SLAY

Analytics Engineer

15 November 2024
Apply Now
Deadline date:
£73000 - £136000 / year

Job Description

SLAY, founded in December 2022, has swiftly made its mark in the mobile world. In 2023, we developed several apps and games that reached the #1 spot in the App Store across 3 continents.

Backed by some of the world’s most esteemed investors, including Accel, Kevin Weil, Riccardo Zacconi Scott Belsky, and Ilkka Paananen, SLAY is rapidly growing and reaching millions of users.

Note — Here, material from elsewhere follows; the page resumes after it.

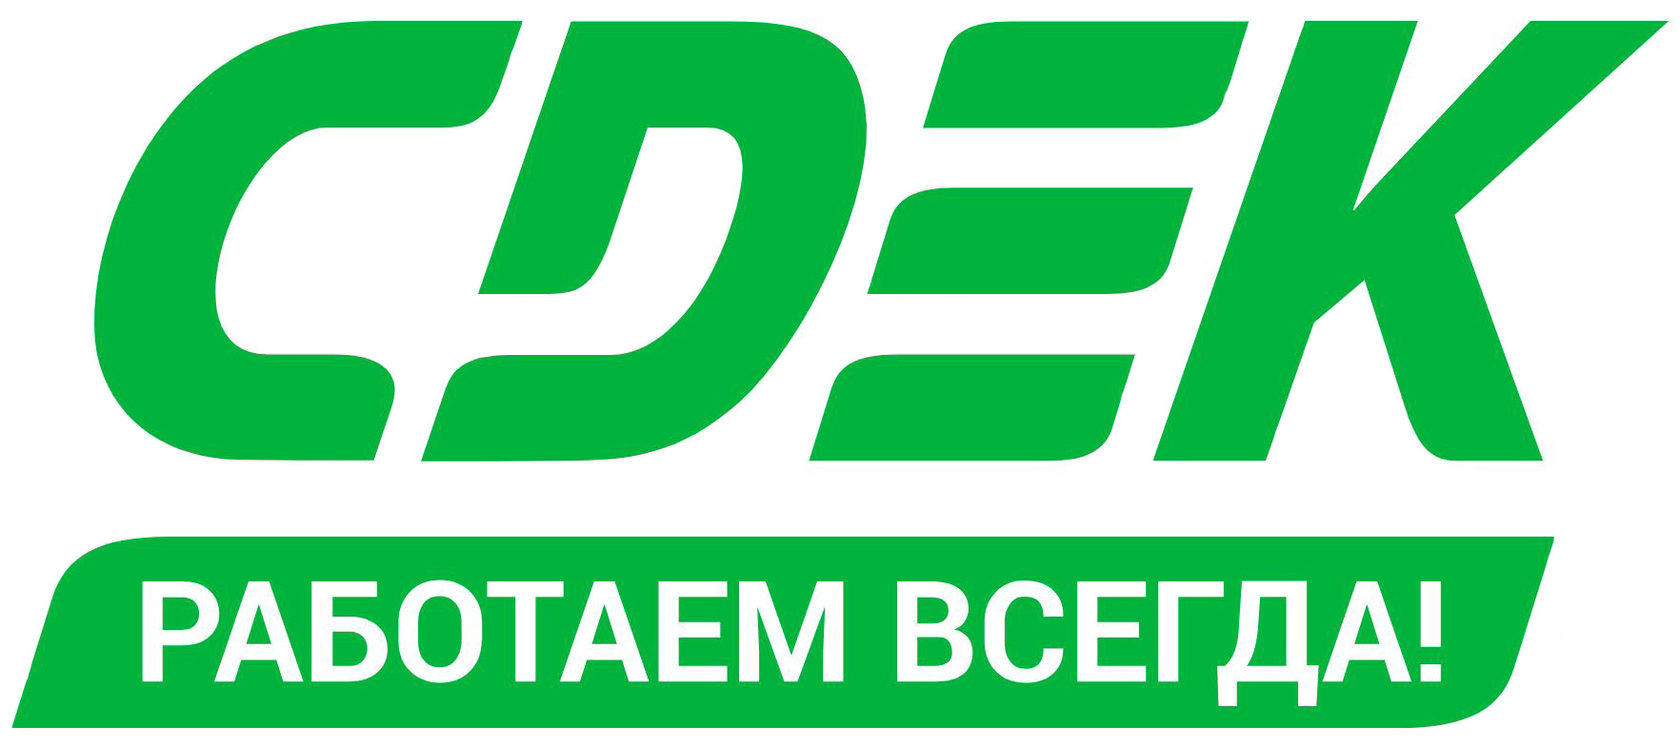 cdek-logo_1.jpg

Our mission is to create digital life through AI and become the leading company for virtual friends that live, grow and evolve like humans—starting with Pengu. Pengu has become the biggest AI character app with its own IP in the US and Europe.

Tasks

  • Data Analysis and Insights: Enable tactical and strategic decision-making by providing insightful analyses, developing models, and creating dashboards.
  • Develop and Maintain Data Pipelines: Build robust and scalable transformation pipelines in dbt to support our high data volume of 500k daily active users, employing engineering best practices.
  • A/B Testing: Design, analyze, and interpret the results of A/B tests to inform product and marketing strategies.
  • Cross-functional Collaboration: Work closely with various teams to understand their data needs and deliver solutions that drive business objectives.
  • Process Improvement: Continuously seek opportunities to optimize data processes and workflows for efficiency and scalability.

Requirements

  • Experience: 3+ years in a role such as Data Engineer, Analytics Engineer, or Data Analyst.
  • Technical Proficiency: Strong expertise in SQL and experience with cloud data warehouses.
  • Version Control: Experience working with Git for version control.
  • Workflow Orchestration: Familiarity with workflow orchestration tools.
  • Programming Skills: Proficiency in a programming language (e.g., Python) is a plus.
  • Adaptability: Proven ability to deliver high-quality results in a fast-paced, high-pressure environment.
  • Analytical Mindset: Strong problem-solving skills and a data-driven approach.
  • Communication Skills: Excellent verbal and written communication skills, with the ability to convey complex data insights to non-technical stakeholders.